Sorry to jump in here. I honestly tried on my Dell Latitude e6510. I got it to boot to the graphical environment but after a few minutes the screen starts flickering unbearably. Besides the laptop does not go into sleep mode, it just switches to a black screen from which it is not possible to recover. For my daughter that relies on it for school in a remote setup this is a serious problem.
I looked into troubleshooting tips but nothing helped. Based on my experience the nouveau driver is unusable on this laptop.
I timeshifted back to my last working configuration (prior to the stable update deprecating the older nvidia driver) and I am now struggling to install the 390xx driver from source so that I can apply all the other updates.

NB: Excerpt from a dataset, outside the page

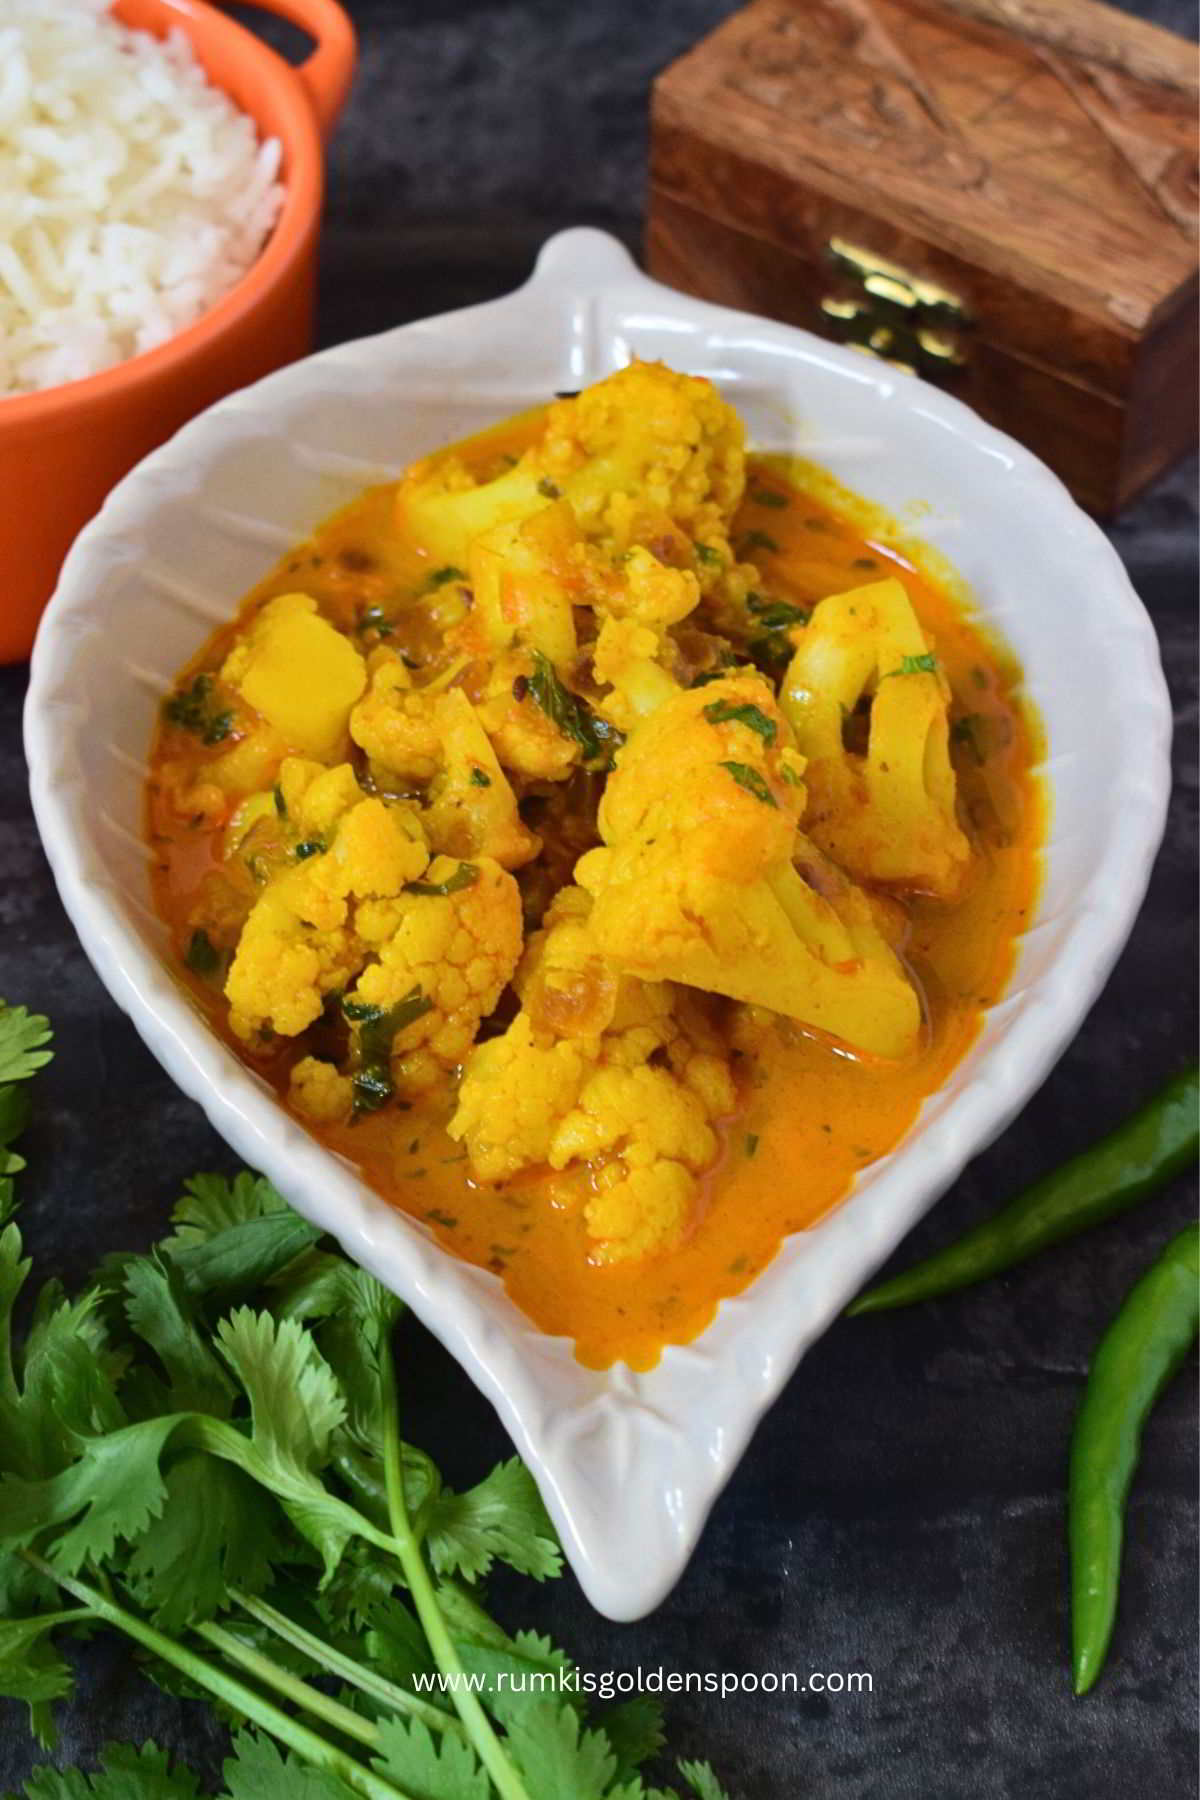 dahi gobi, dahi wali gobhi, dahi wali gobi, dahi aloo gobi recipe, dahi gobhi recipe, cauliflower yogurt curry, cauliflower curry recipe, recipe for cauliflower curry, recipe of cauliflower curry, recipe with broccoli curry, Indian veg recipe, cauliflower recipe Indian, gobi ki sabji, Indian food, curry with yogurt, yogurt curry recipe vegetarian, health benefits of cauliflower, how to make broccoli sabzi, Vegetarian recipes in India, Indian curry, Indian curry recipe, Rumki's Golden Spoon

Specifically, before I have the time to make modifications to the graphical driver setup, mhwd gets forcibly updated, removes the 390xx driver and forces the installation of nouveau . That clearly does not help!
I have been very happy with Manjaro for years but this is the first serious confidence-breaking situation. I hope that I will manage to find a solution for this laptop that I have no intention of retiring just because of nvidia.
Could you please tell me if philm’s command for installing the drivers is one long command line or if it should be broken into parts?
If the second could you please point me the separators.